- Etymology: From a local farm named after Ravn
- Ramstad
- Coordinates: 59°54′00″N 10°33′53″E﻿ / ﻿59.89994°N 10.56469°E
- Country: Norway
- City: Bærum

= Ramstad =

Ramstad is a district in central Bærum, Norway. It is known mainly for its school and a former station on the Drammen Line.

==History, geography and transportation==
The name Ramstad is based on the men's given name Ravn, meaning raven. It is taken from the local farm, which dates from the Scandinavian Iron Age. As most farms in the region it belonged to the Church of Norway, but the crown usurped the property following the Protestant Reformation. The first private owner was Knud Frantzen in 1668, who at that time owned Nesøygodset. Various owners followed, and in 1772 the farm was parted in two; Upper and Lower Ramstad. The parts were reunited in 1903.

Around the same time, the district was being built up with residences.
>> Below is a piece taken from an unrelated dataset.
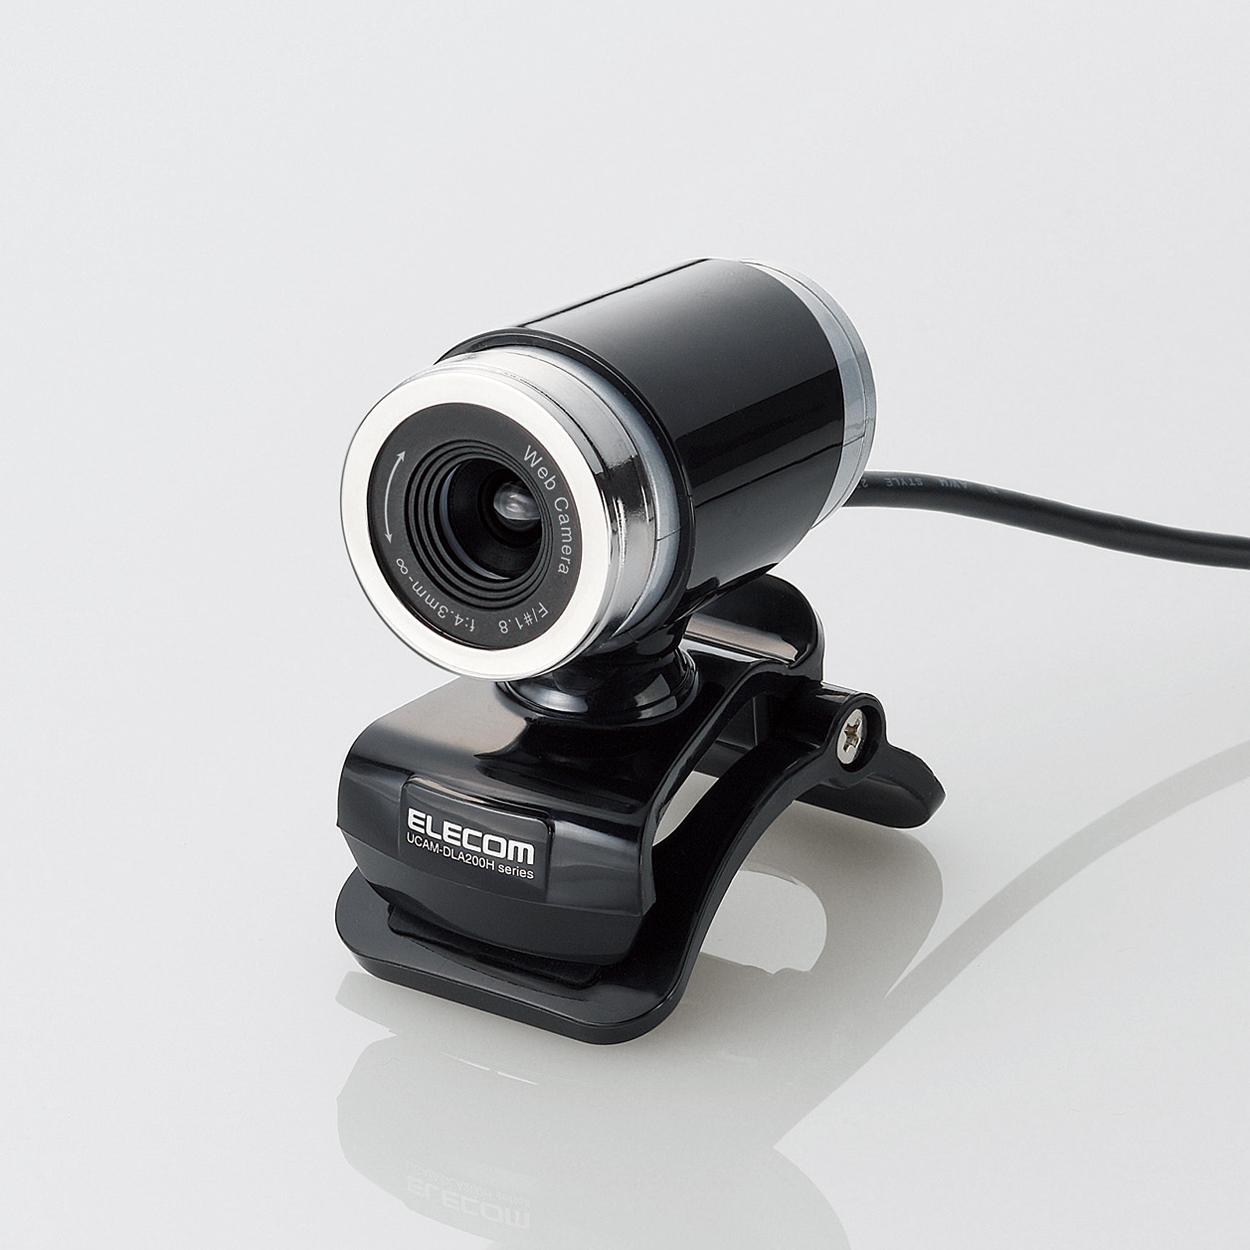 ウェブ カメラ スマホ

The owner of Ramstad from 1895, Hans Kristoffer Ramstad, started this process by selling lots between the Drammen Line railway (opened 1872) and the road Drammensveien (now: the European route E18). The road was built in 1859, and cut across the large field named Ramstadsletta, located south of the farm. Today, Ramstadsletta is an area of commerce, and has a large market garden, a gas station and a Scandic Hotel, among other things. Buses traffic the European route E18. The district was also served by the railway station Ramstad on the Drammen Line, which existed between 1931 and 1978 (with no passenger traffic from 1973).

The hill Ramstadåsen north of the farm was built up around 1900 as well. The former cotter's farms are Kokkerud and Nygård, north of the farm, were absorbed in this development. The district south of Ramstadsletta, near the Oslofjord, was sold in 1877 and built up with villas after 1890 under the name Solvik. Now, only the immediate surroundings of the farm Ramstad has been spared from residential and other building.
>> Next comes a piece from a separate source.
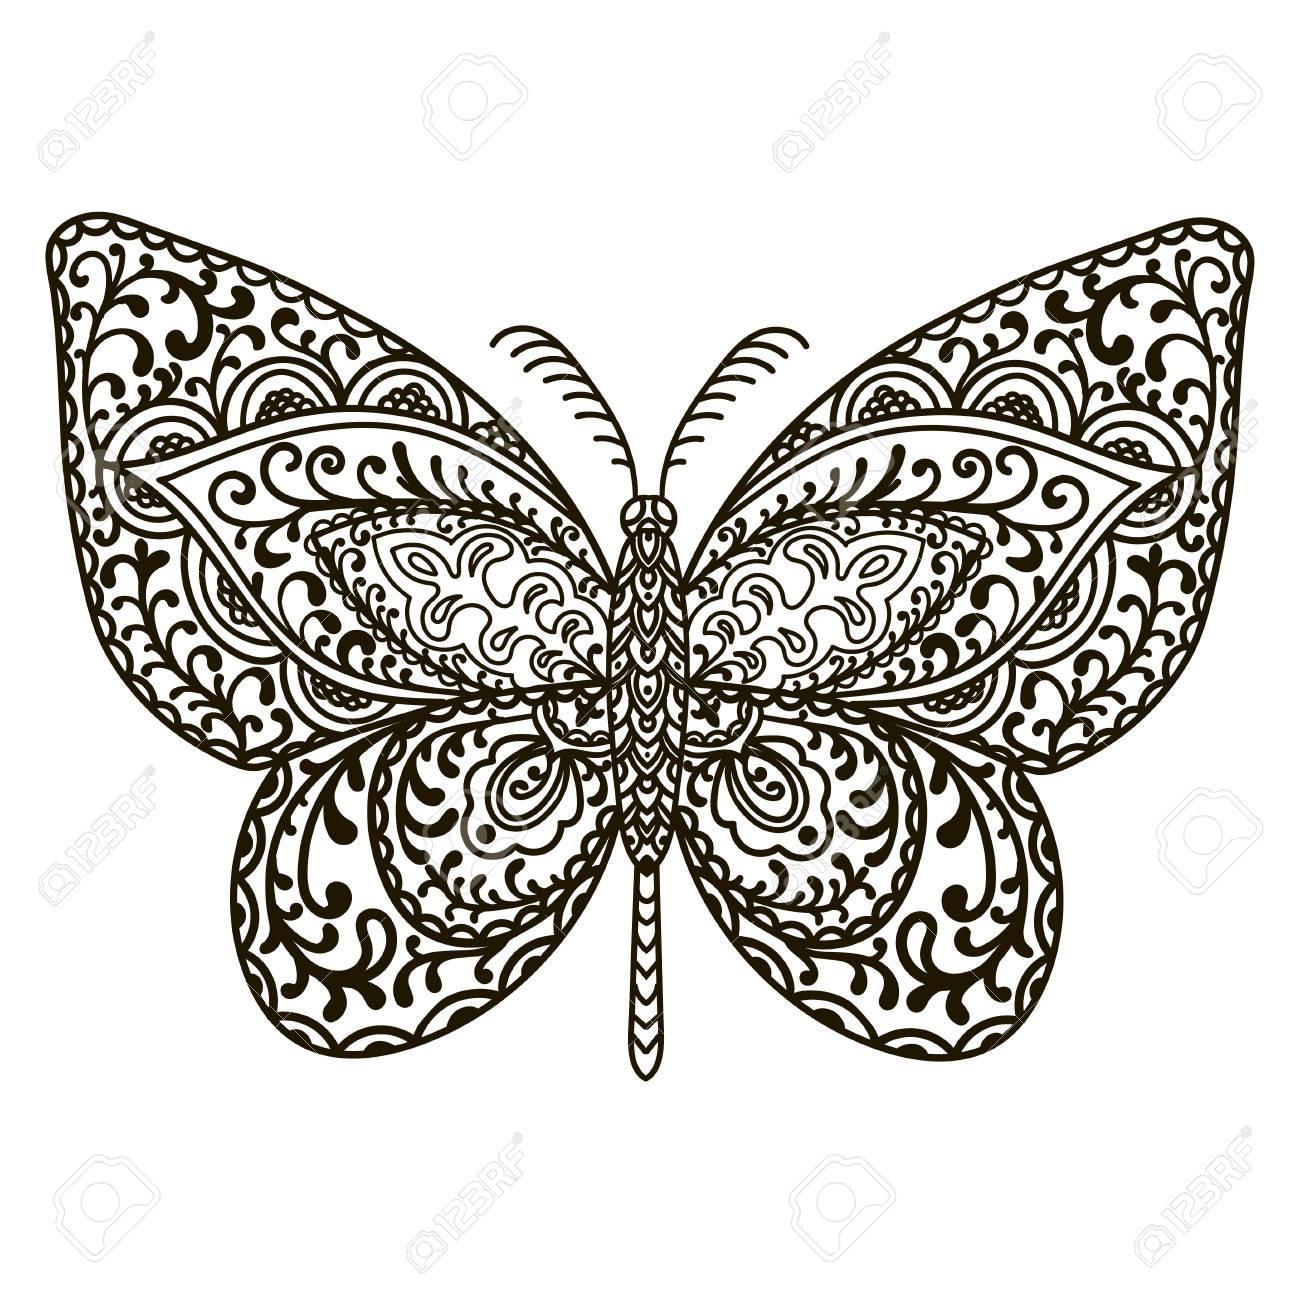 Mariposa. Animales. Dibujado A Mano Doodle Insecto. Ilustración ...

Reportedly, Josef Terboven tried to confiscate a residence in Solvik in 1940, but gave up since the owner was German-born, and took residence at Skaugum instead.

Before the major residential development, a creek ran southwards through the district. The creek was a part of the Bekkestua Watershed, which originated north of Ringstabekk and ran southwest via Bekkestua (giving this settlement its name), Gjønnesmyra and Ballerud. Parts of the former waterway around Bekkestua were used for Kolsås Line tracks. Near Nybråtan the creek turned more straight southwards. This section of the creek was named Ramstadbekken. At Ramstadsletta there was a confluence with a small creek that ran northwards. From Ramstadsletta it followed a path west and slightly south. A part of this path is identical to the current European route E18, but after passing what is today the market garden it turned more distinctly southwest before reaching its mouth in the Oslofjord at Solvik. Today, the entire Bekkestua Watershed has been led underground through a pipe system.

==Education and sports==
Ramstad is known to many due to its lower secondary school of the same name. It was erected between 1962 and August 1963, on the property Nybråtan south of Ramstadåsen. Before the school building was finished, pupils were tutored at the schools Gjettum and Blommenholm. Between 1964 and 1972 it was a combined lower and upper secondary school. By 2005 it had 520 pupils and a staff of 65. The school is noted for having an adjacent swimming pool, very uncommon in schools in the region. Ramstad Lower Secondary School serves the districts of Ramstad, Solvik, Høvik, Høvik Verk, Blommenholm, Løkeberg, parts of Haslum, Ekeberg, Gjønnes and Ballerud.

The only local sports club is the gymnastics club Ramstad Turn, founded in 1965. Non-gymnasts tend to practice sports in the multi-sport clubs Høvik IF or Haslum IL.